Two ways to achieve online status statistics of Java

100 million users online scenario analysis

Taking QQ online status statistics as an example, its typical characteristics include:Large data volume, high memory usage, and high real-time requirements. Traditional solutions (such as adding an online status field to each user in the database, setting it to 1 on the online and setting it to 0 on the offline) seem to be ineffective in this scenario. The reasons are as follows:

Database pressure: Frequent up-and-down operations will lead to a sharp increase in database IO pressure.
Real-time statistics difficulties: Frequent refresh of queries will drag down the database performance and will be difficult to meet real-time requirements.

Therefore, we need to find more efficient and more suitable solutions for large-scale scenarios.

2. Solution

For online status statistics of hundreds of millions of users, common solutions can be divided into two categories:

2.1 Statistical scheme based on total number

By maintaining a total number of online users, the counter is increased by 1 when the user is online and reduced by 1 when the user is offline, thereby achieving statistics on the number of online users.

advantage

Simple implementation and high efficiency.
Low memory usage.

shortcoming

It is impossible to accurately query the online status of a user at a certain moment.
In the case of abnormal exit from the application, it is difficult to achieve repeated offline judgments based on the online monitoring mechanism.

2.2 Statistical plan based on specific user details

Store the user's identity (such as QQ number) and online status in the set, and statistics are achieved through set operations.

advantage

The statistics are accurate and you can query the online status of a user at a certain moment.
In the case of abnormal exit from the application, the deduplication function of offline users can be accurately implemented.

shortcoming

Large memory usage.
Low efficiency.

3. Specific implementation

The following are the specific implementation methods of the two solutions:

3.1 Statistical scheme based on total number

Statistics based on total number can be achieved in the following two ways:

3.1.1 Redis-based incr and decr operations

Using Redisincr(plus 1) anddecr(Subtract 1) Operation to maintain the online user counter.
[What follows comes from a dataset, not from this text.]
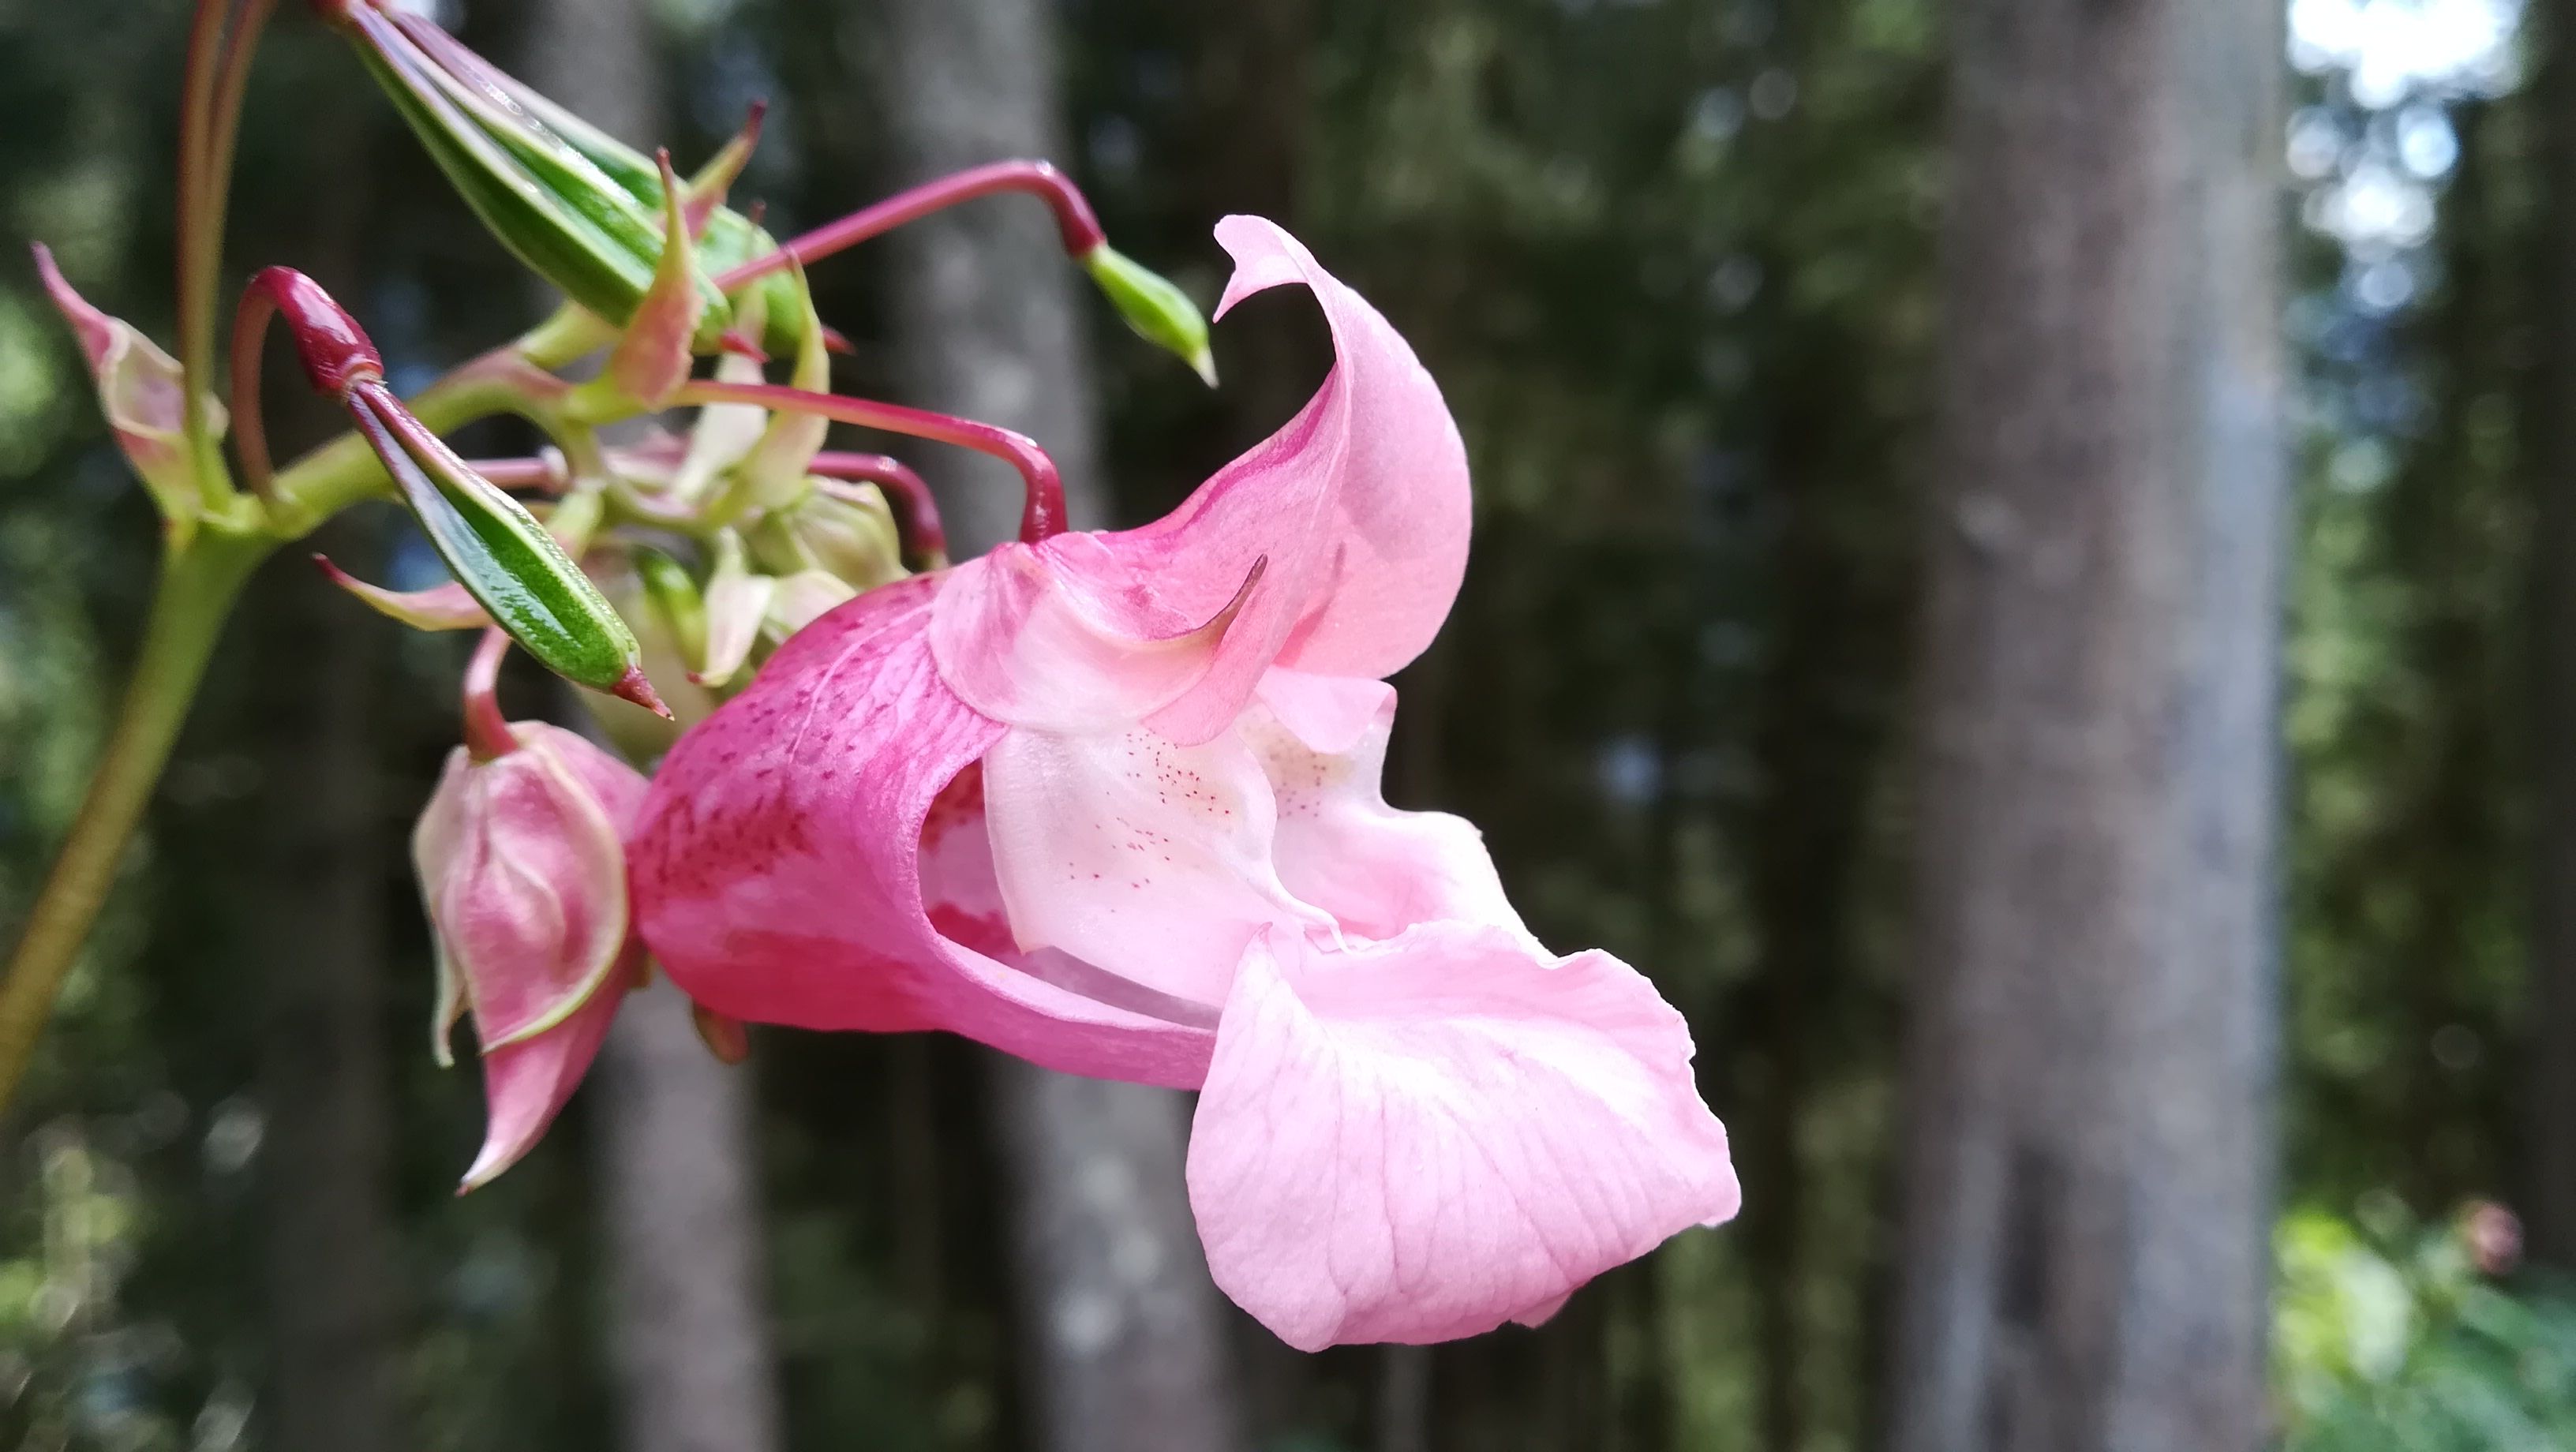 Caption: Indian Balsam flower in the Alps - photo @ermest

Called when the user is onlineincr, called when offlinedecr。

3.1.2 Redis-based HyperLogLog

Redis's HyperLogLog (HLL) is a high-performance cardinality (deduplication) statistical data structure suitable for deduplication statistics of large-scale data. The advantage is that the space occupancy rate is extremely low (only 12KB of space can count about 1.8 billion data), but the disadvantage is that there is an extremely low error rate (about 0.81%). The characteristics of HLL are as follows:

The element cannot be removed.
Suitable for scenarios with high tolerance for errors.

3.2 Statistical implementation based on user identification

Based on the user ID (such as QQ number), you can use Redis'sBitmap (bit array)To achieve it. The structure of Bitmap is as follows:

Each subscript represents a specific number, a value of 1 means online, and a value of 0 means offline.
For example, the bit array space occupied by 1 billion numbers is1 billion bit = 0.116 GB, the space occupies very little.

Specific operation commands

Users are online:useSETBITThe command sets the corresponding position to 1.
User offline:useSETBITThe command sets the corresponding position to 0.
Determine whether the user is online:useGETBITOrder.
Statistics of online users:useBITCOUNTOrder.

3.3 Implementation in Spring Boot

In Spring Boot projects, you can useRedisTemplateImplement users’ online and offline settings and online number statistics. The specific code is as follows:

import ;
import ;
import ;

@Service
public class BitmapService {

    @Autowired
    private RedisTemplate&lt;String, Object&gt; redisTemplate;

    /**
      * Set the bits in Bitmap
      * @param key
      * @param offset offset
      * @param value value (0 or 1)
      */
    public void setBit(String key, long offset, boolean value) {
        ().setBit(key, offset, value);
    }

    /**
      * Get the bit in the Bitmap
      * @param key
      * @param offset offset
      * The value of the @return bit (0 or 1)
      */
    public boolean getBit(String key, long offset) {
        return ().getBit(key, offset);
    }

    /**
      * Calculate the number of bits with a median value of 1 in Bitmap
      * @param key
      * @return Number of bits with value 1
      */
    public Long bitCount(String key) {
        return ().bitCount(key);
    }
}

4. Summary

When dealing with online status statistics of billions of users, choosing the right solution is crucial. Although the statistical scheme based on the total number is simple and efficient, it lacks accuracy; while the statistical scheme based on the user ID is accurate, it consumes a lot of memory. Based on actual needs, the following paths can be selected:

If you have extremely high real-time and performance requirements and can tolerate a small amount of error, you can choose a Redis-based HyperLogLog or Bitmap solution.
If you need to accurately query the user's online status and have low memory usage and efficiency requirements, you can choose a collection plan based on user identification.

This is the end of this article about Java's example of online status statistics for billions of users. For more relevant content on online status statistics for billions of users, please search for my previous articles or continue browsing the related articles below. I hope everyone will support me in the future!